Two years ago soaring commodity and energy price hikes led to rampant food price inflation, and with currency deflation, last year's poll of senior industry delegates found 44% were still concerned about input costs.

But with food price inflation broadly under control since February, the IGD poll which showed 37% still concerned about input costs suggests commodity prices remain a long-term concern. When asked when oil prices would reach $150 a barrel, almost half believed it would happen in five years (49%) while 23% thought 10. Just 5% felt it would not happen in their lifetime.

Optimism about the economy was cautious, but there were clear signs most business leaders believed rock bottom had been reached. Of those polled, 45% believed the economy would be 'slightly better' in 2010, while 34% thought it would be 'about the same'. Just 15% thought the 'worst was yet to come'.
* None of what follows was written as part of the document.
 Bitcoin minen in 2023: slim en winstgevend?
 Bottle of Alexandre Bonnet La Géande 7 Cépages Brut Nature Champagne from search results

The IGD also polled a sample of 1,091 consumers on their attitudes to money and found the recession may have altered their behaviour for good. More than half (54%) said they would be more careful about spending money in the future than they were currently, regardless of economic recovery. Only 5% predicted they would be more frivolous.

When asked how they pictured grocery shopping in 2012, many shoppers said their behaviour would change, with 22% shopping more online, 15% shopping less on the high street, and 29% shopping at discounters more. However, 26% said they would shop more at farmers' markets and 23% more at specialist stores. 

"Shoppers intend to keep changing their habits, seeking more from less, and they expect the food and grocery industry to keep delivering better value," said IGD chief executive Joanne Denney-Finch (pictured).